Most decisions of the U.S. Tax Court are written in the name of only one judge, so it is worth noting that of the 19 Tax Court judges, the Northern California decision cited: (a) the agreement of nine other Tax Court judges, (b) the non-participation of one other Tax Court judge, (c) two concurring opinions (one agreed to by three judges and the second agreed to by another judge) and (d) a concurring in part and dissenting in part opinion. The fact that this opinion was reviewed by the entire U.S. Tax Court and that there were concurring and dissenting (in part) opinions, makes this decision more significant as legal precedent and indicates the importance that the judges of the U.S. Tax Court see in the Northern California case. 

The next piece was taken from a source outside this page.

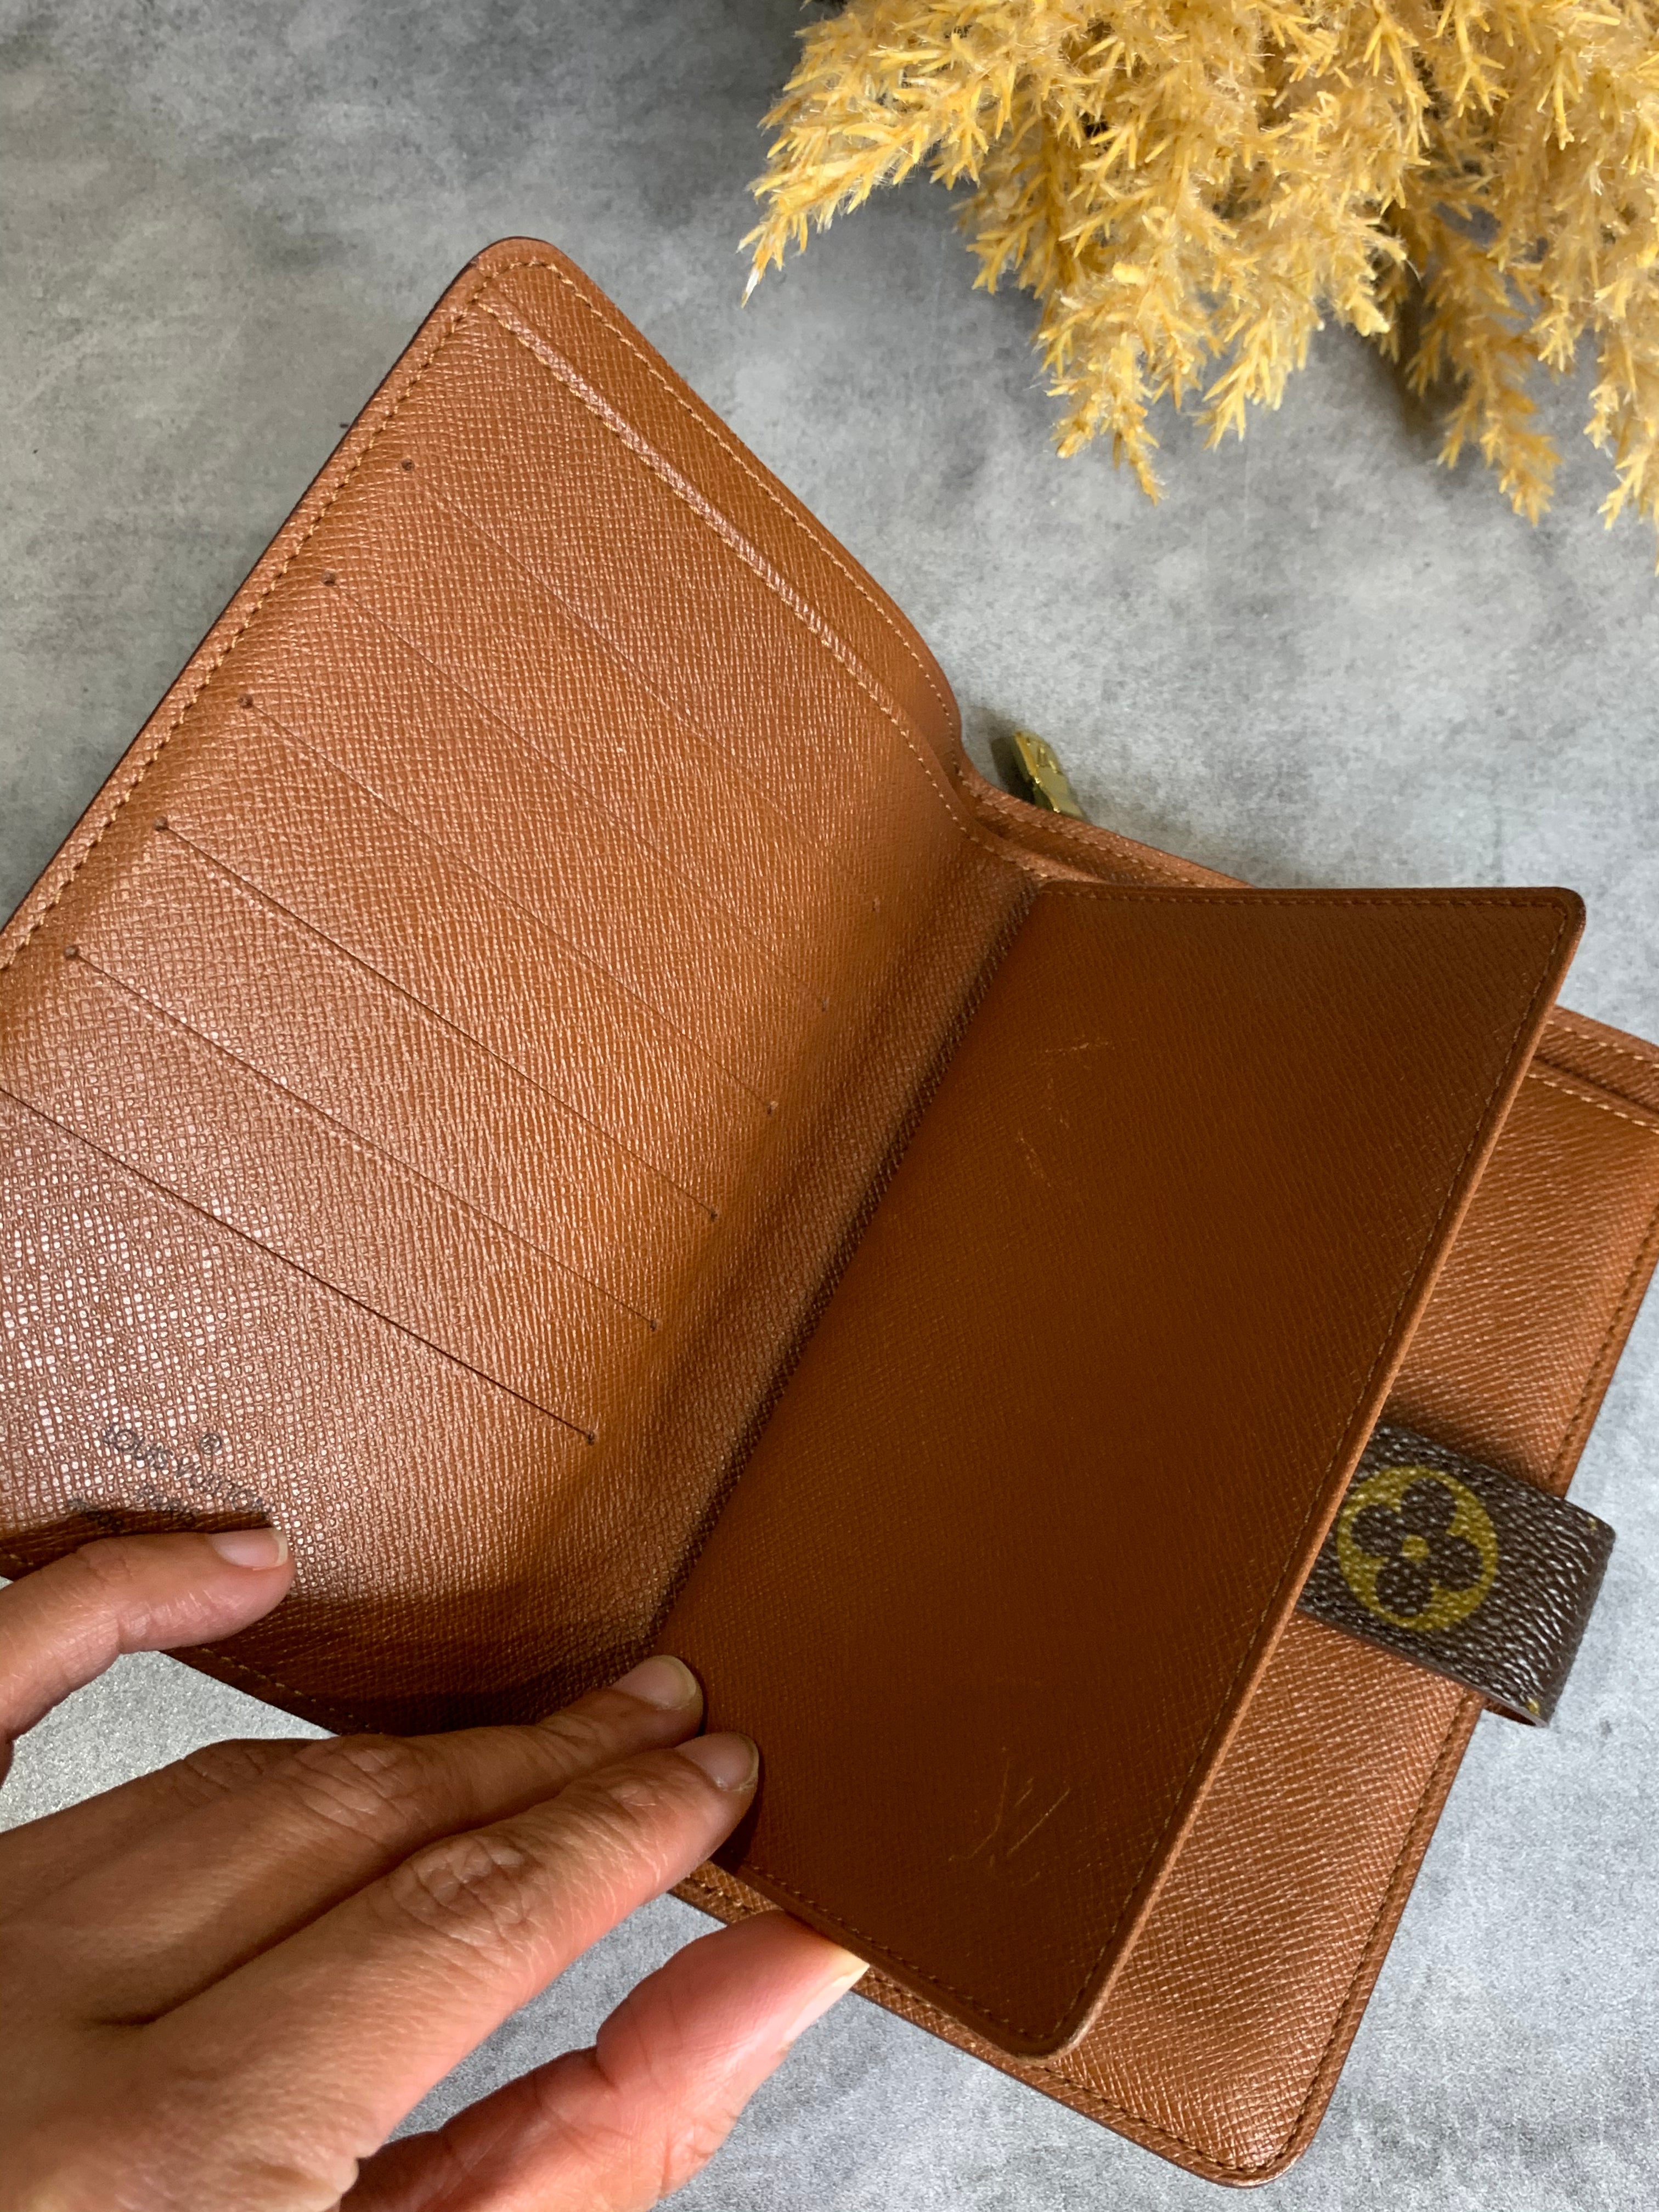 Louis Vuitton Zipped Passport Holder Wallet - A World Of Goods For You, LLC

Dealing with Section 280E is a constant battle for American cannabis companies, as it precludes the ability to deduct most normal business expenses. While thoughtful tax planning may be able to mitigate some of the harms caused by Section 280E, it still undoubtedly leads to reduced profitability and lower market valuations. But all hope is not lost. Northern California will likely be appealed to the Ninth Circuit Court of Appeals, and the dissenting opinions from Judges Gustafson and Copeland may provide a roadmap to further legal challenges to Section 280E. In addition, Congress appears primed to move on significant cannabis reform, including the broad reform efforts captured in the S.T.A.T.E.S Act and more limited reform efforts to address banking and the impact of Section 280E specifically.

[1] Pub. L. No. 91-513, Sec. 202(c) and codified as amended at 21 U.S.C. Section 812(c); see also 21 C.F.R. Section 1308.11(d)(23).

[2] See INDOPCO, Inc. v. Commissioner, 503 U.S. 79, 84 (1982), and New Colonial Ice Co. v. Helvering, 292 U.S. 435, 440 (1934).